Targeted Cyber Attacks on India
Akin to guerrilla warfare, the enemy is unknown in cyberwarfare, hence direct contact with it is not possible. It is often said that cyberwarfare is bloodless with the ability to have kinetic impact on foreign territory without physical operations.
The following infographic shows how attacks are carried on people with the use of different techniques such as profiling, target selection, intrusion areas like email address and phone numbers etc. There are various methods and techniques to carry simulated attack chains with the use of mitre attack framework for offence and defence.

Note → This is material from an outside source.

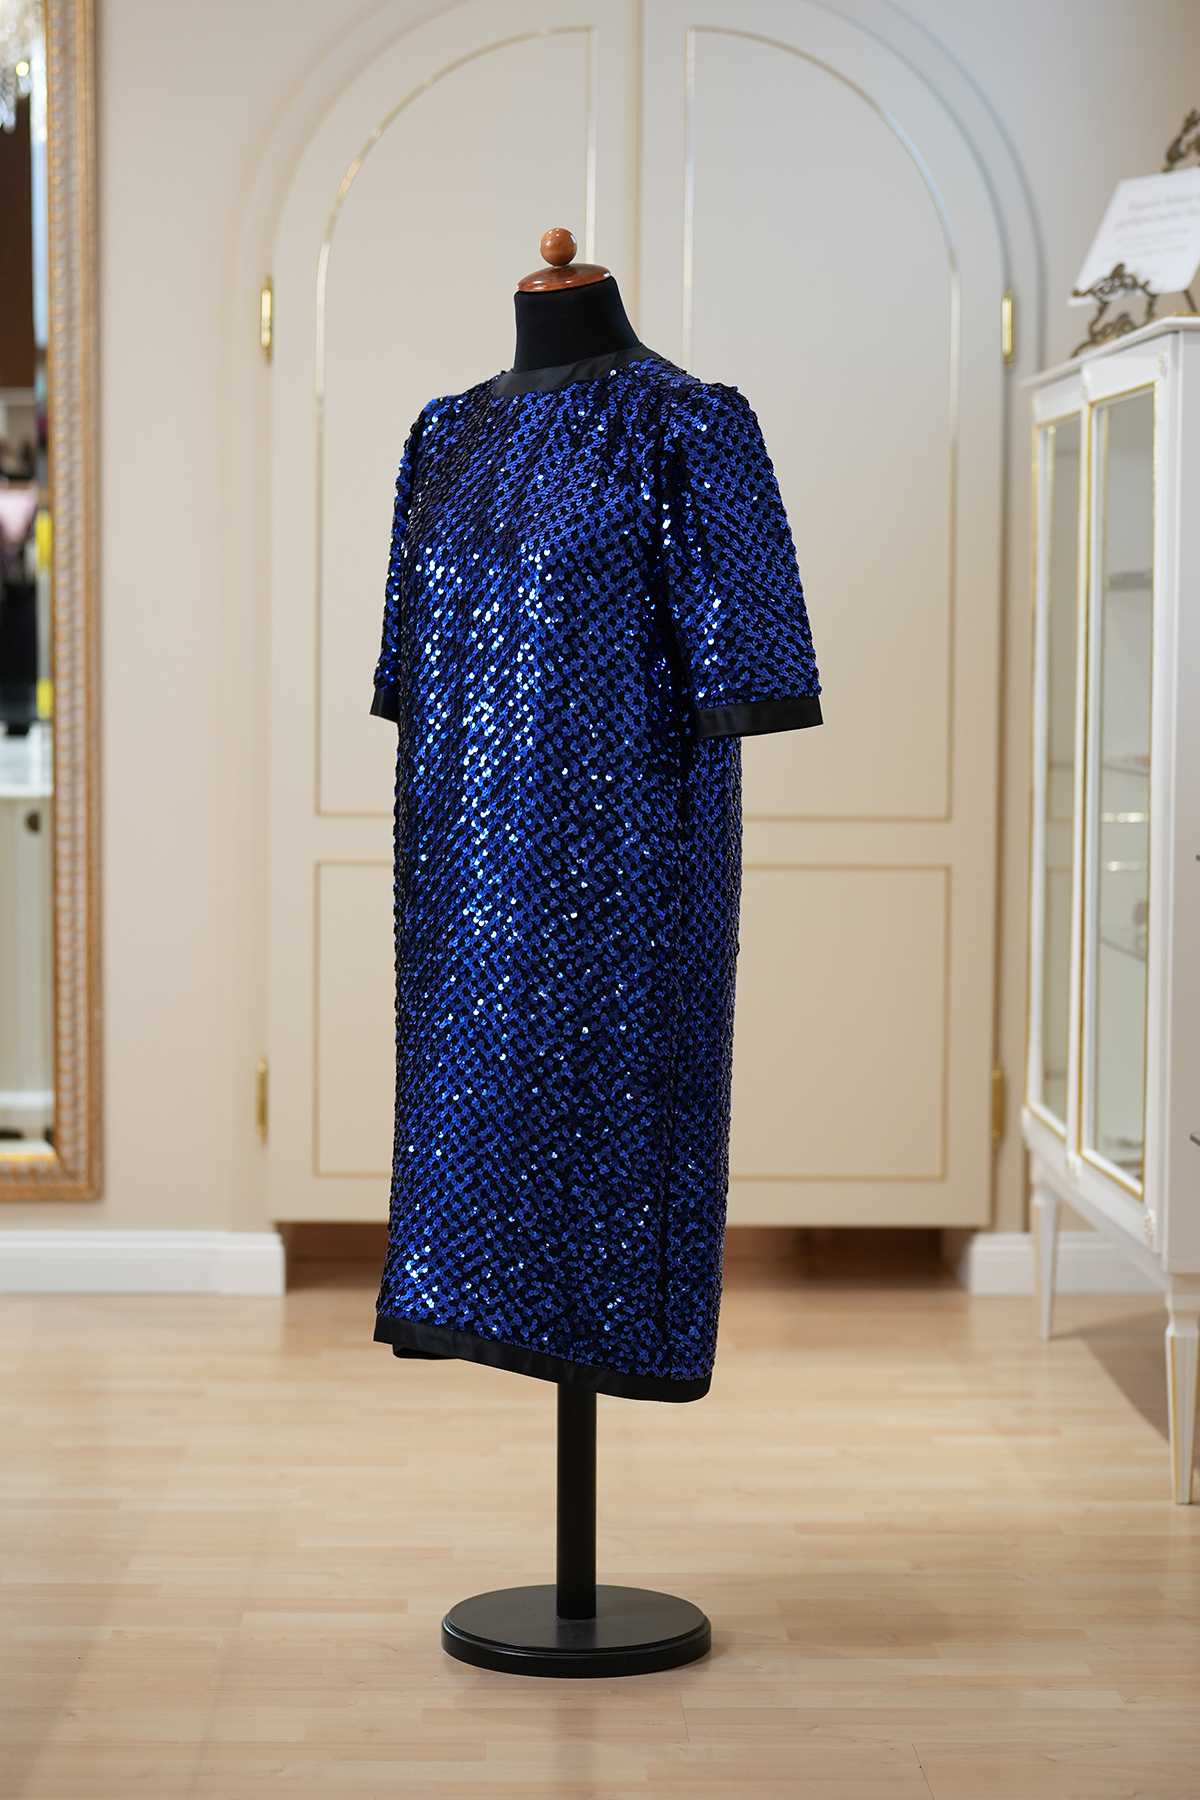 Yvette Creation a la Mode de Paris - Abendkleid -  schwarzblau glizernd– Gr. 40 – sehr guter Zustand

Analysing more specifically, we can see in the following infographic how a targeted Advanced Persistent Threat (APT) campaign operates through sending a malicious email which when clicked can take various privileges and establish Command and Control for transferring confidential files to the attacker’s system from the moment attachment is downloaded to its escalated execution on the system.
These are active APT campaigns used by Pakistan and China units to trick government and military personnel.

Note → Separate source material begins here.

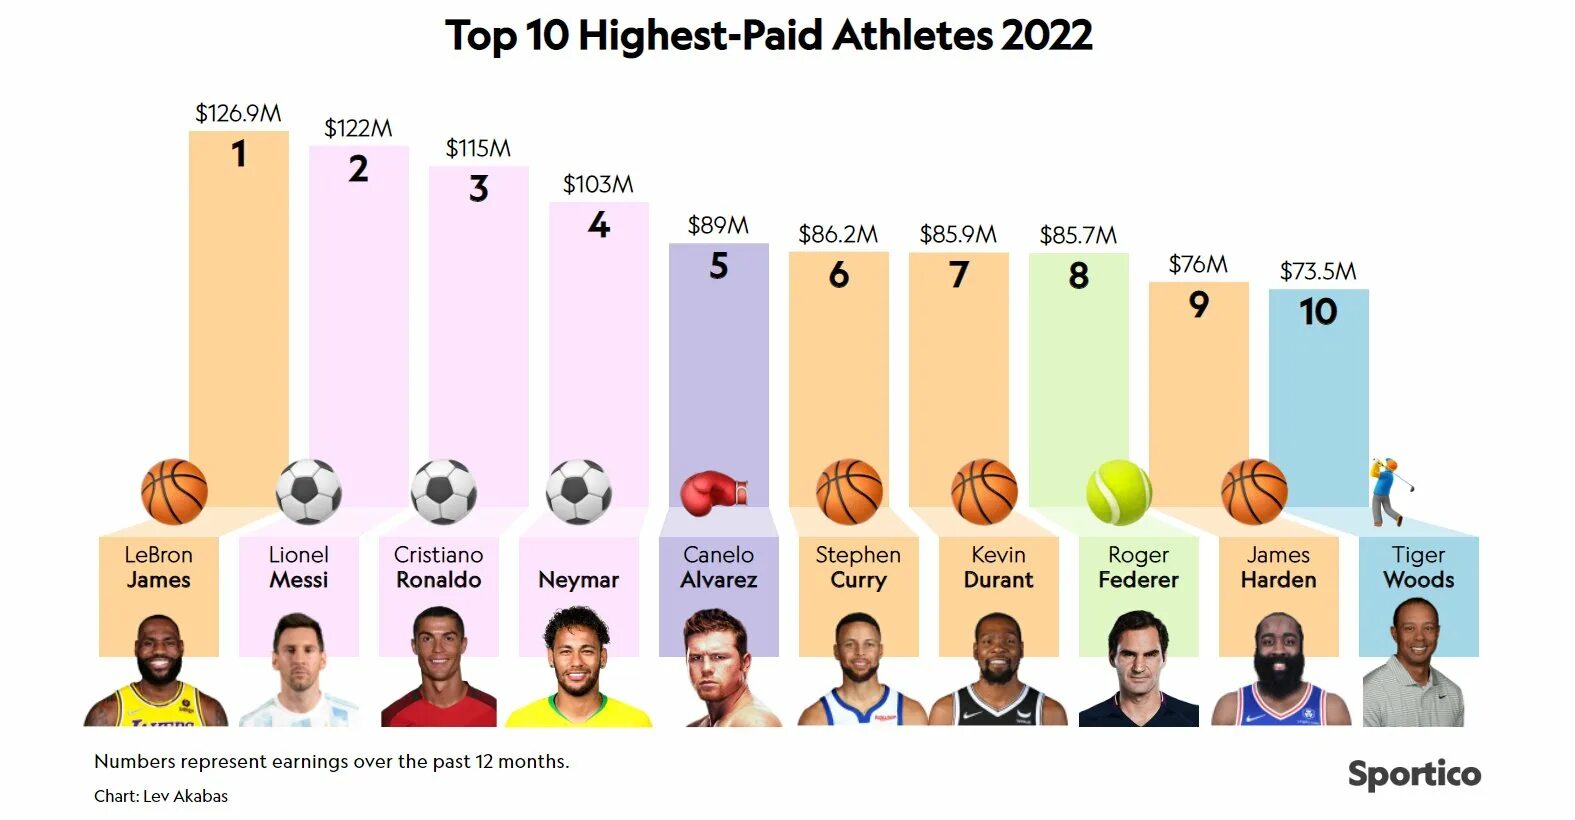 Топ богатых спортсменов. Самые высокооплачиваемые спортсмены. Самые высокооплачиваемые спортсмены 2022. Топ самых высокооплачиваемых спортсменов в мире. Самые высокооплачиваемые спортсмены топ 5.

As we go deeper into the preparedness of India’s cyber strategy for combating–defensively and offensively–state sponsored cyber-attacks, we must understand the challenge we face. The truth is India has been facing continuous cyberattacks by its adversaries. Some of the instances of cyber terrorism are:
1) A malware was identified in the Kudankulam Nuclear Power Plant.
2) Cosmos Bank was hacked by North Korea’s APT groups.
3) Mumbai’s power grid was targeted by Chinese hacker group Red Echo.
4) Prominent corporate and government enterprises have suffered data breaches. They have faced both ransom and hostage situations at the time of ransomware attacks.
5) A targeted drone attack on the air force station in Jammu with kinetic payloads attached and operated through a remote command and control was seen in June 2021.
6) Transfer of data across international boundaries by adversarial state-owned companies.
7) Continuous use of perception management, misinformation and disinformation campaigns on social media platforms by Pakistan’s DG-ISPR operatives.
8) Honey trapping of soldiers and government servants to steal confidential information.
9) Purchase and sale of national identities like PAN, Aadhar, Driving License, Passport & KYC Data on Dark Web by cyber syndicates.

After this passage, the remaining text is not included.